I am running a CFA mixture model with 3 factors with 2 items on the first factor, 3 on the second and 3 on the third. The factors are non-invariant based on a binary variable (0 and 1). I decided to first determine the number of classes without the binary covariate. I have allowed factor loadings, factor variances, residual variances to vary across classes as I have no reason to believe they are invariant across classes. I have only set the number of classes to 2.
I continue to get the message to increase the number of miterations, but I am now at 50,000 miterations and still getting the message. Variances of the indicators are less than 2 so they aren't way out.
How many miterations should I realistically have for this?

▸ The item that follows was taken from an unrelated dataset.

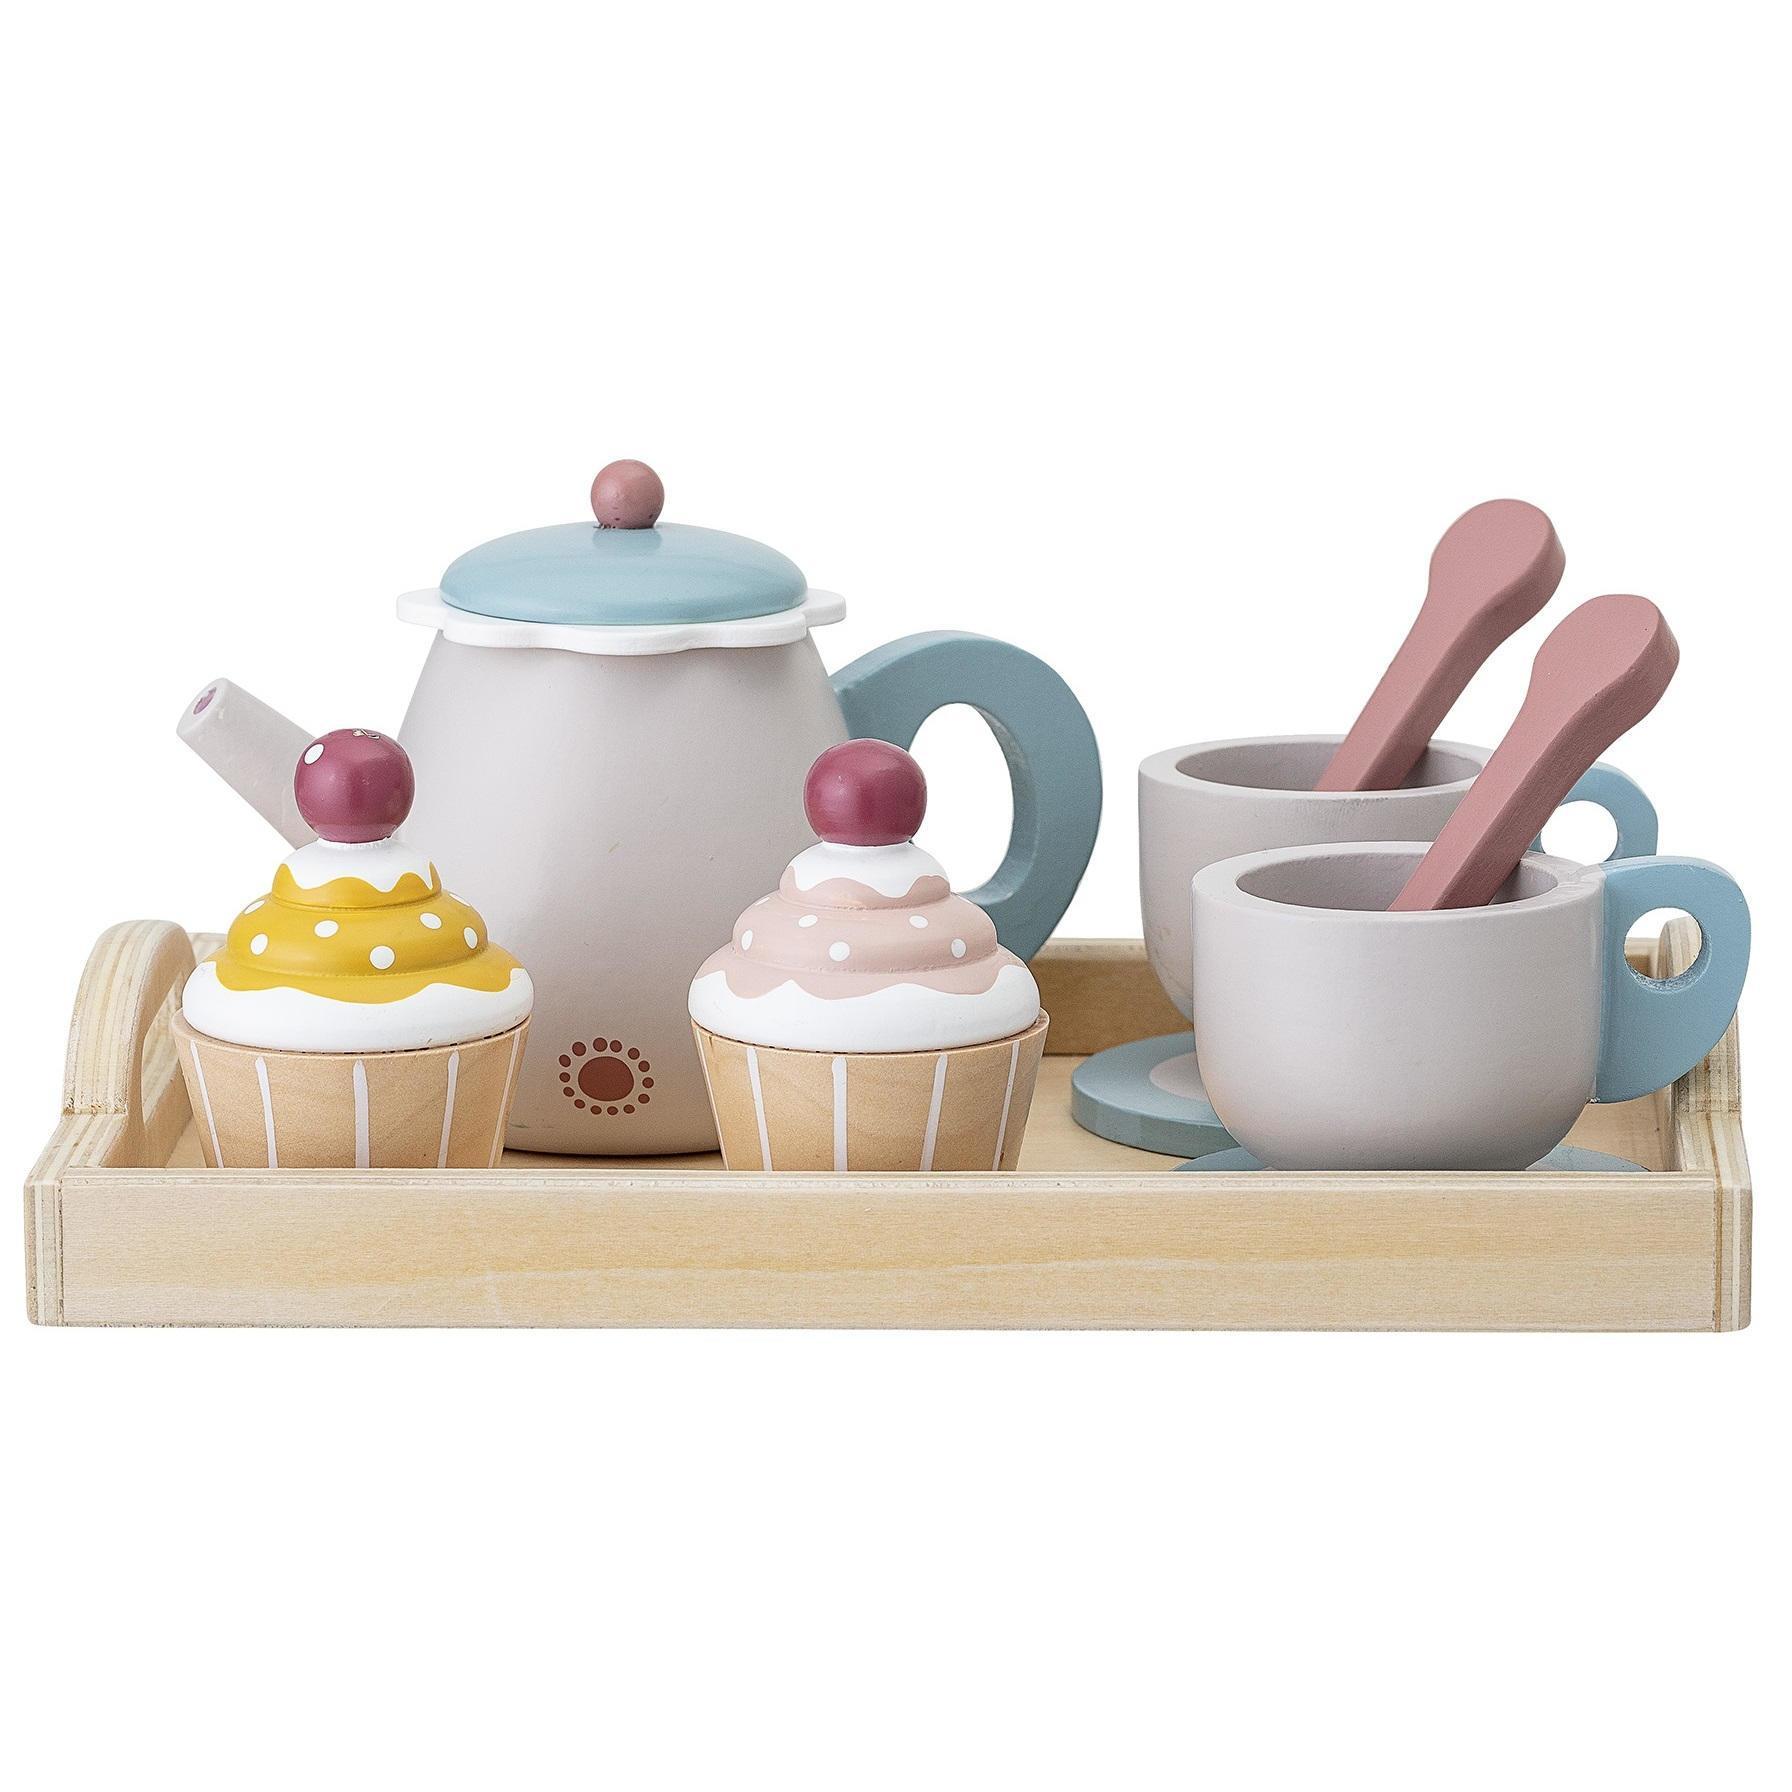 Bloomingville Dřevěná hračka - čajová sada, multi barva, dřevo

See the following article which is available on the website:
Clark, S.L., Muthén, B., Kaprio, J., D’Onofrio, B.M., Viken, R., Rose, R.J., Smalley, S. L. (2009). Models and strategies for factor mixture analysis: Two examples concerning the structure underlying psychological disorders.
Fiona Shand posted on Wednesday, August 11, 2010 - 9:24 pm
I have identified a 2 class, 1 factor mixture model as the best fit to my data. I have then run the model again with covariates. A reviewer has commented that he/she is skeptical of such post hoc comparisons when not weighted by group membership probabilities. I had thought that FMM with covariates incorporated posterior class membership probabilities when calculating the regression model. Can you please tell me if this is so? Thanks in advance.
It sounds like the reviewer's comment relates to doing the analysis in two steps, that is, saving most likely class membership and regressing it on a set of covariates. It sounds like you are doing the analysis in one step in which case I don't understand the critique.
Adam Meade posted on Monday, September 19, 2011 - 12:47 pm
I have a factor mixture model with 5 continuous indicators represented by a single factor. I have two latent classes. I need to compare 9 covariates to see which best differentiate those two latent classes. Some of my covariates are highly correlated. Should I compare these covariates simultaneously in a single model, or in different models given the colinearity? Also, by what criterion is it best to evaluate the covariates in terms of differentiating classes? Thank you!
I don't know that there is any best strategy for this. You could first see which single covariate is most strongly related to the latent classes. Then work with pairs of covariates, etc. "Most strongly related" needs to be defined, which is easy with 2 classes (which one changes the probability the most when, say, changing the covariate one SD), but with more than 2 classes the covariate can be good for discriminating between two of the classes, but not between two other ones.